(WHAT THE EXERCISE ASKS):
Copy out the data from the line containing "Kids Camping Set" to its last line, exactly. No pictures.

(DATA BLOCK):
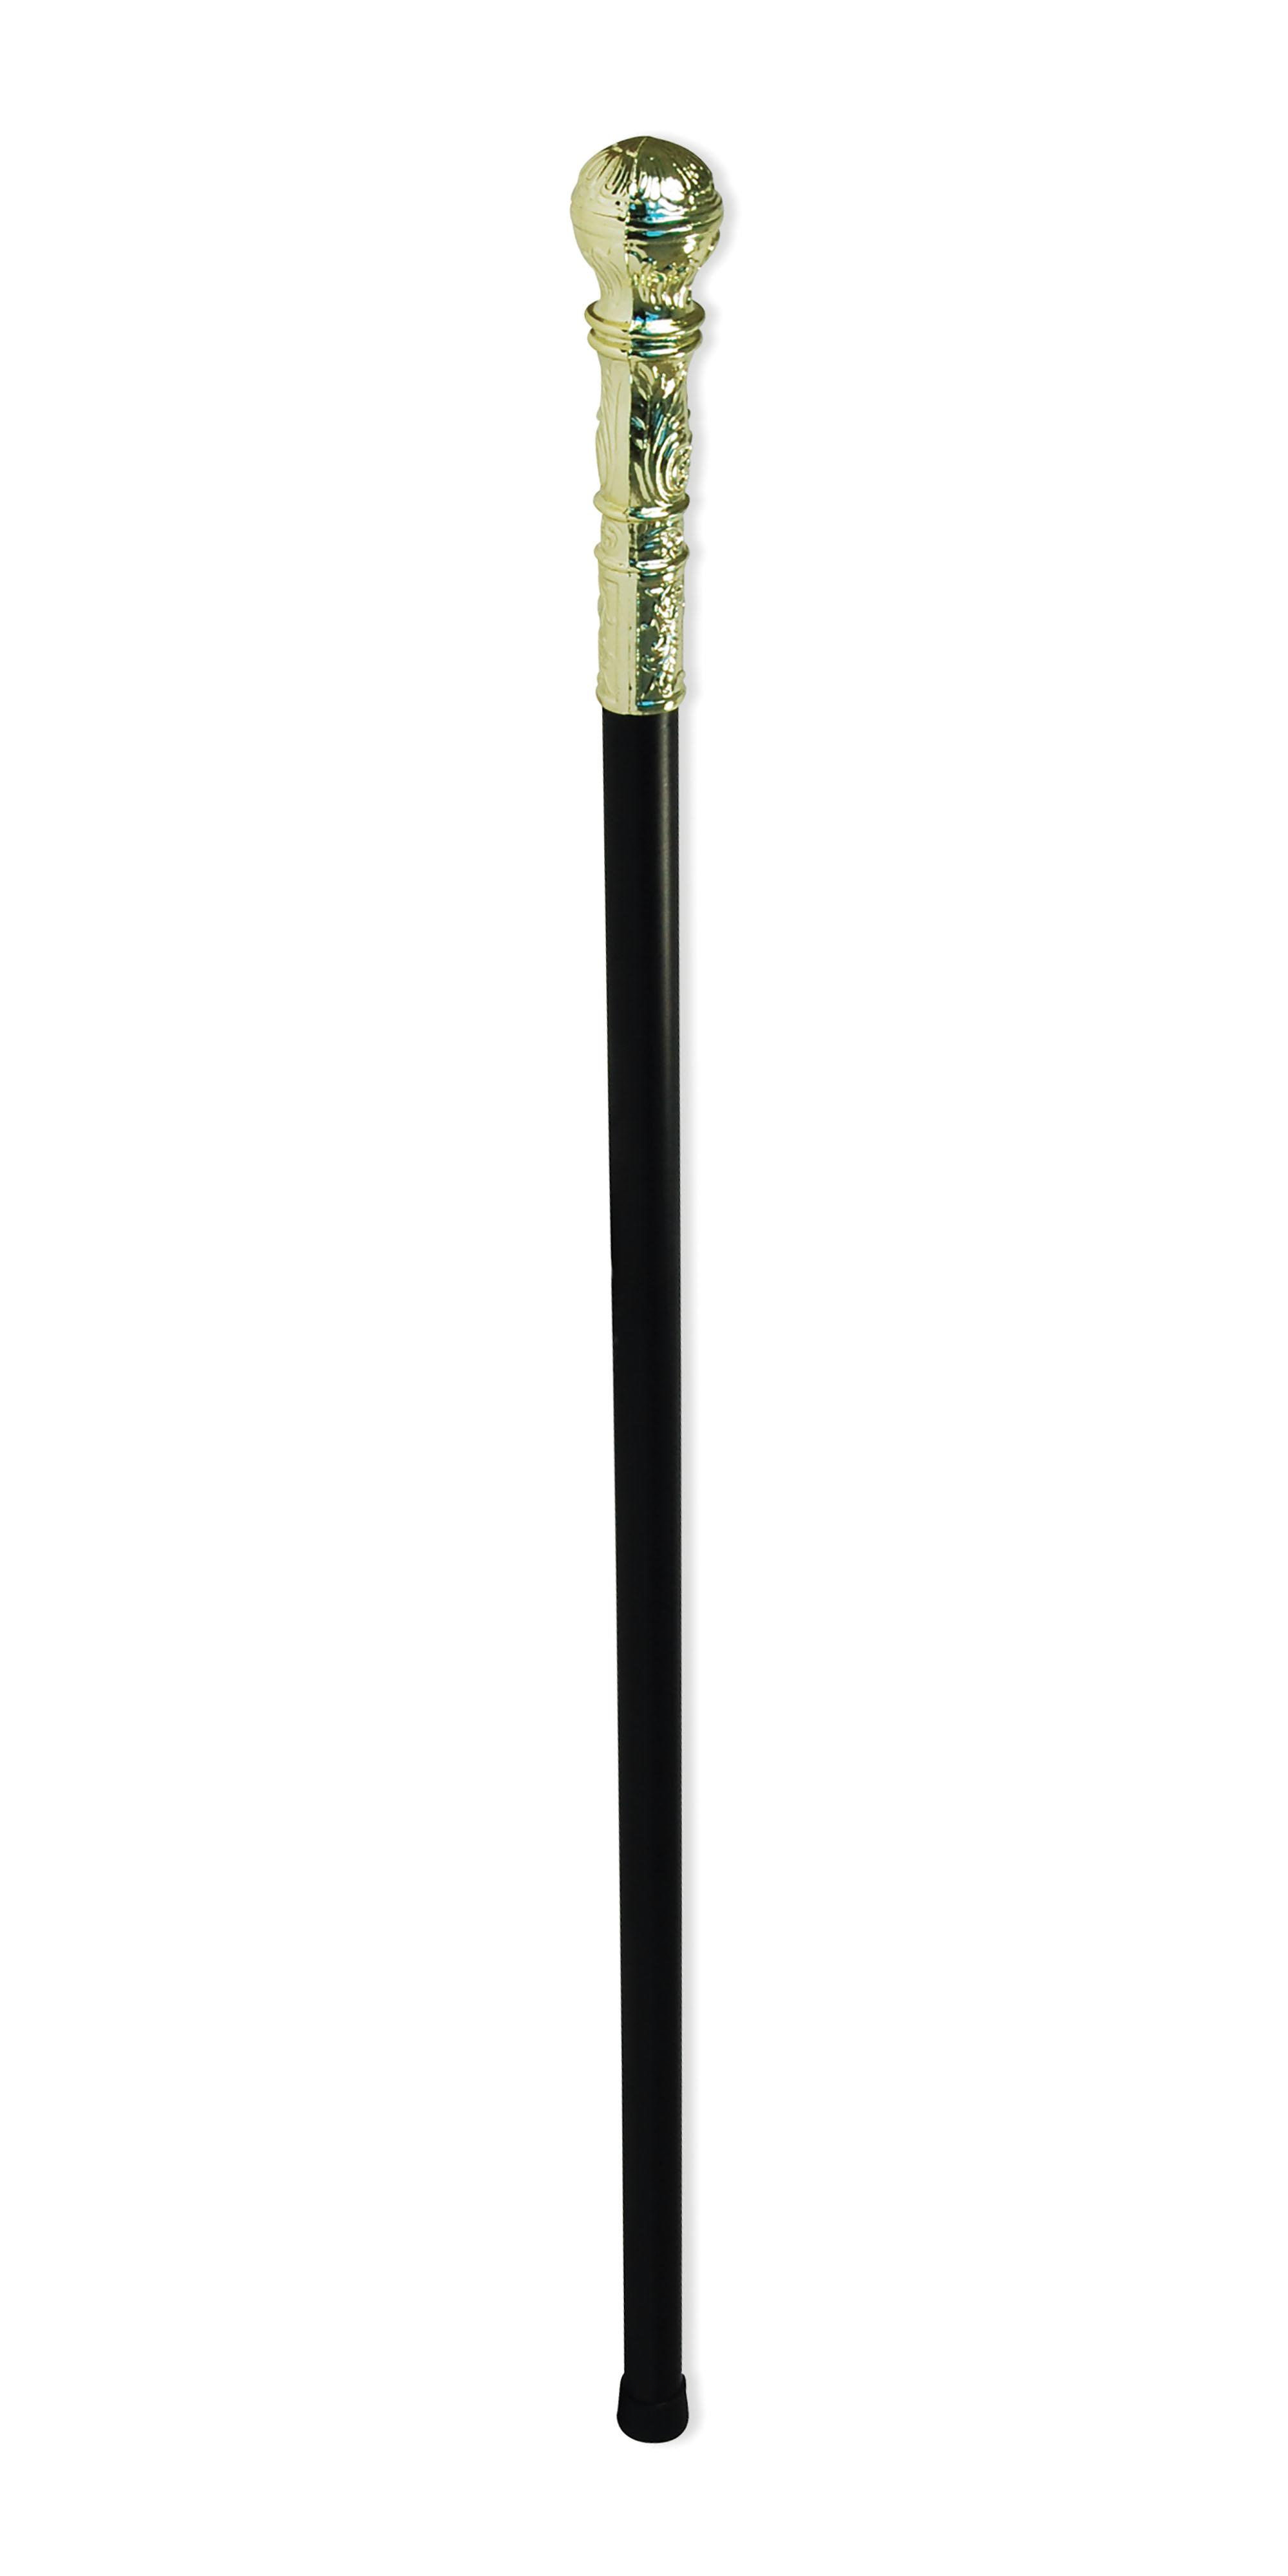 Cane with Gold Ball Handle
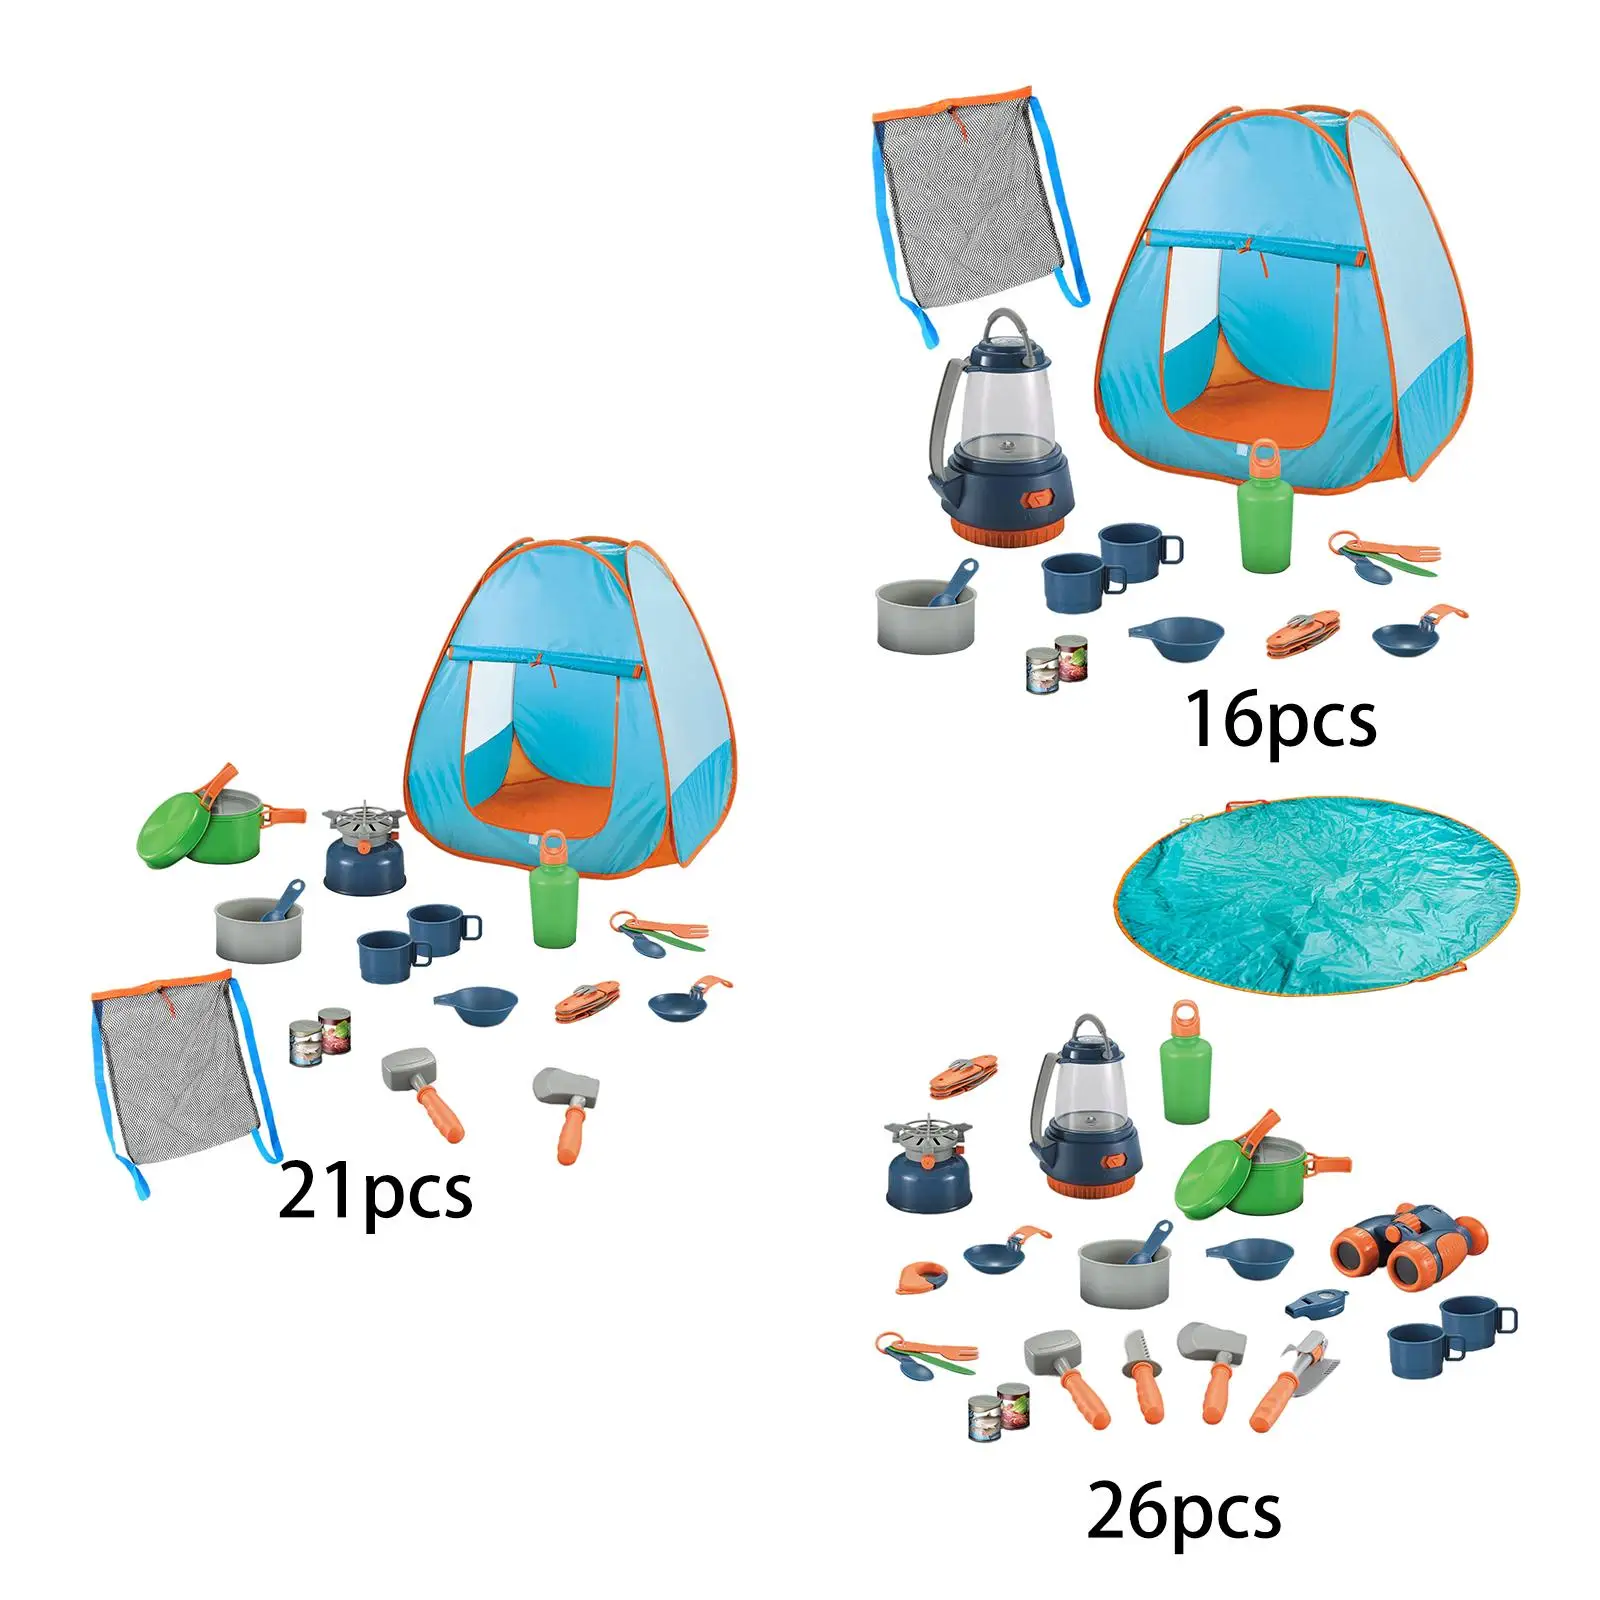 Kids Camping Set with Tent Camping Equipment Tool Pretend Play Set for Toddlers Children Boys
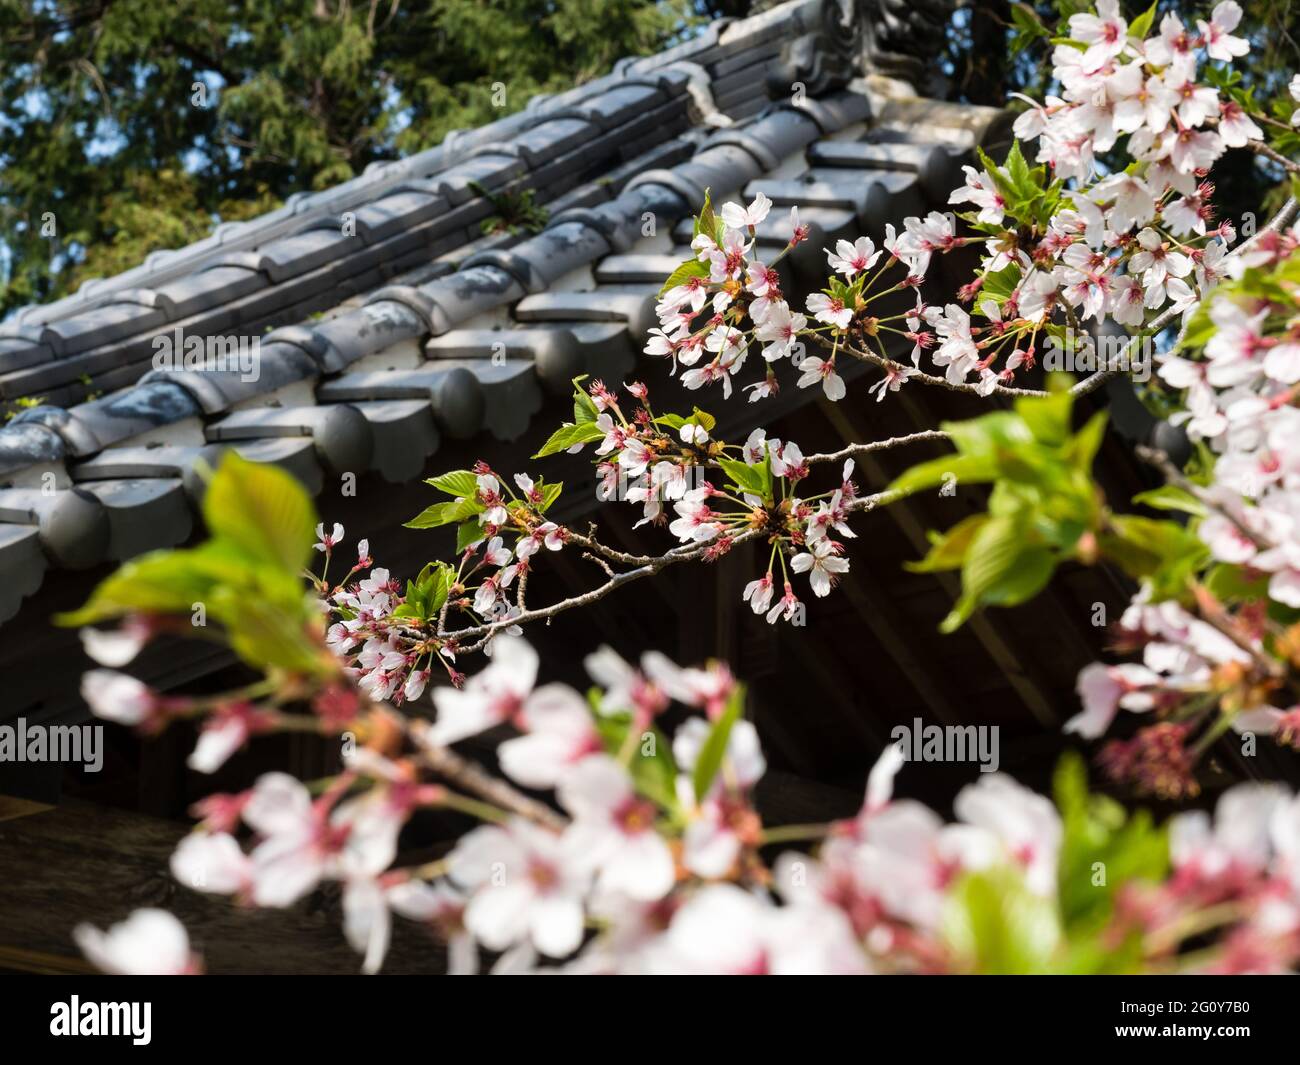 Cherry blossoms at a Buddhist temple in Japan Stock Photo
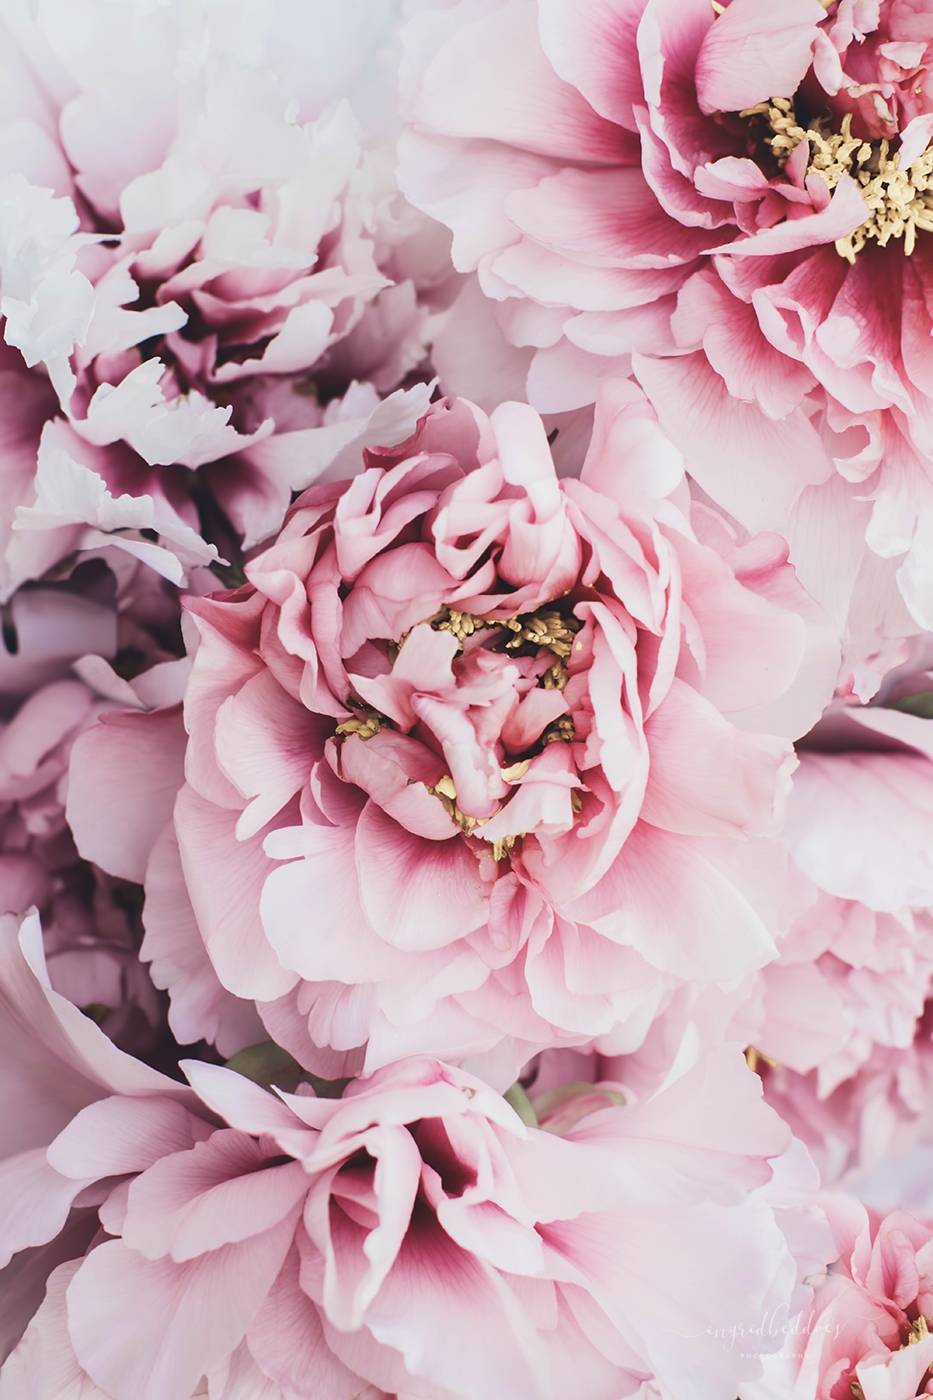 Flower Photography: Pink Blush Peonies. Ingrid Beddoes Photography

(EXERCISE OUTPUT):
 Kids Camping Set with Tent Camping Equipment Tool Pretend Play Set for Toddlers Children Boys
 Cherry blossoms at a Buddhist temple in Japan Stock Photo
 Flower Photography: Pink Blush Peonies. Ingrid Beddoes Photography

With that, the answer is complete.